Phase Angle in Trigonometry
In trigonometry, the phase angle is an angle that allows me to express a function $$ y = a \sin x + b \cos x $$ as an equivalent sinusoidal function $$ y = r \cdot \sin (x + k) $$
Here, k is the phase angle, and it is given by the arctangent of the ratio b/a.
$$ k = \arctan \frac{b}{a} $$
Meanwhile, r represents the amplitude of the sinusoid and is calculated as the square root of the sum of the squares of the coefficients, a2+b2.
$$ r = \sqrt{a^2 + b^2} $$
Thus, a function like sin(x) + cos(x) can be rewritten as a sinusoid by applying a horizontal shift of k and a vertical scaling of r.
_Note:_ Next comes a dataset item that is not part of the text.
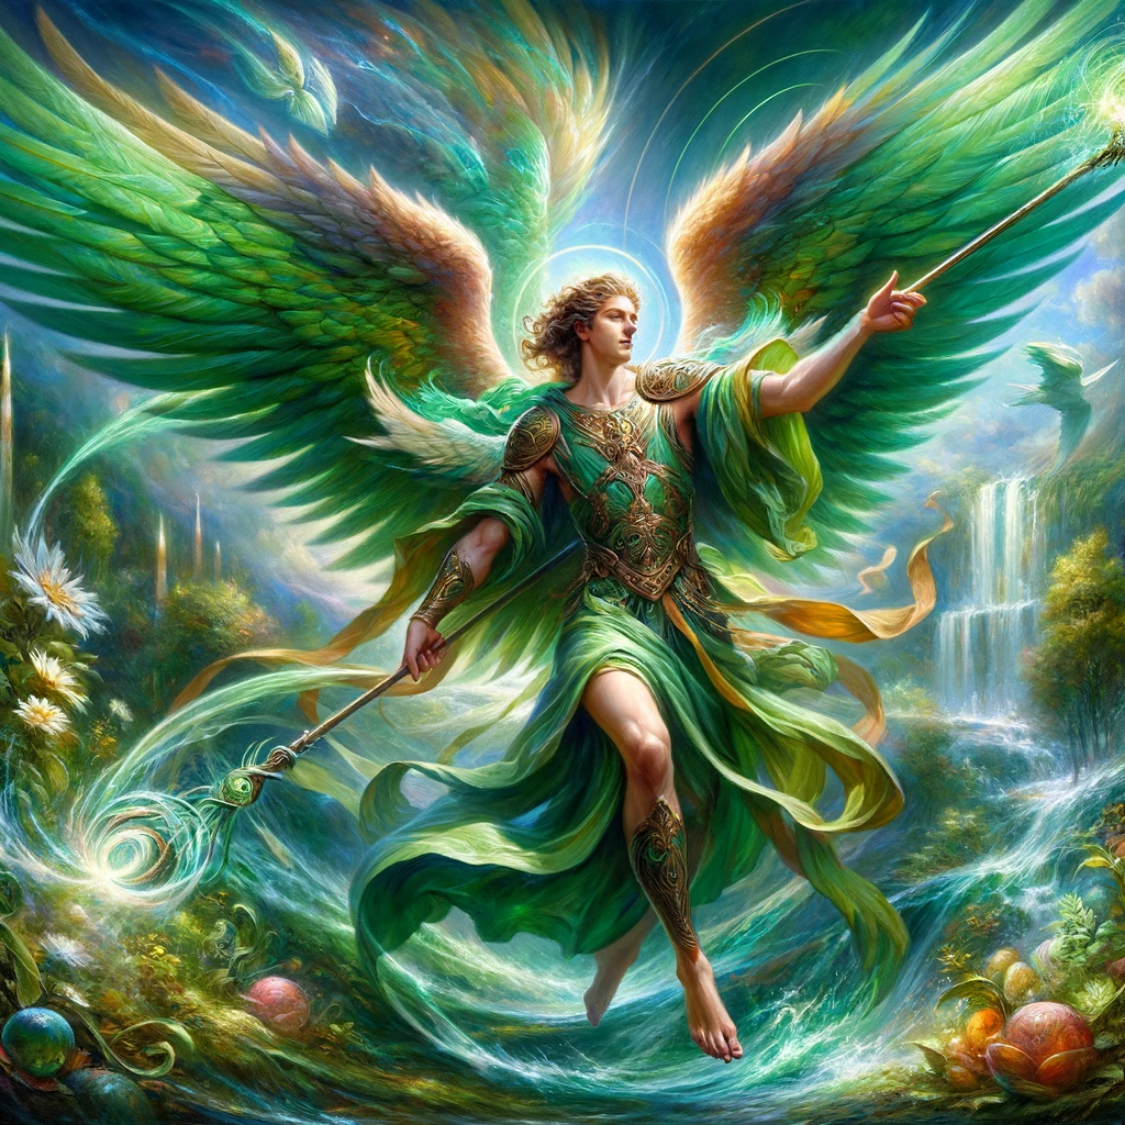 Embrace Healing and Restoration with Archangel Raphael, a Canvas of Light

$$ y = a \sin x + b \cos x = r \cdot \sin (x + k) $$
Using the formulas for r and k, the complete transformation formula is:
$$ y = a \sin x + b \cos x = \sqrt{a^2 + b^2} \cdot \sin (x + \arctan \frac{b}{a}) $$
Note: When using the transformation formula, make sure to keep the signs of coefficients a and b consistent with those in the original function. For instance, if the original function is $$ y= \sin x - \cos x $$ the coefficients are $$ a=1$$ and $$ b=-1 $$
A Practical Example
Consider a function where a=2 and b=3:
$$ y=2 \sin x - 3 \cos x $$
The graph of this function is shown below:
We want to express it in its equivalent form:
$$ y = r \sin (x + k) $$
The phase angle k is calculated as the arctangent of b/a:
$$ k = \arctan \frac{b}{a} = \arctan \frac{-3}{2} = -0.98 \ rad \ (approximately \ -56.3°) $$
The amplitude r is found as the square root of a2+b2:
$$ r = \sqrt{a^2+b^2} = \sqrt{2^2+3^2} = \sqrt{4+9} = \sqrt{13} $$
Therefore, the equivalent function is:
$$ y = \sqrt{13} \cdot \sin (x + (-0.98 \ rad )) $$
$$ y = \sqrt{13} \cdot \sin (x - 0.98 \ rad) $$
This results in a scaling of √13 and a shift of -0.98 radians (about -56.3°).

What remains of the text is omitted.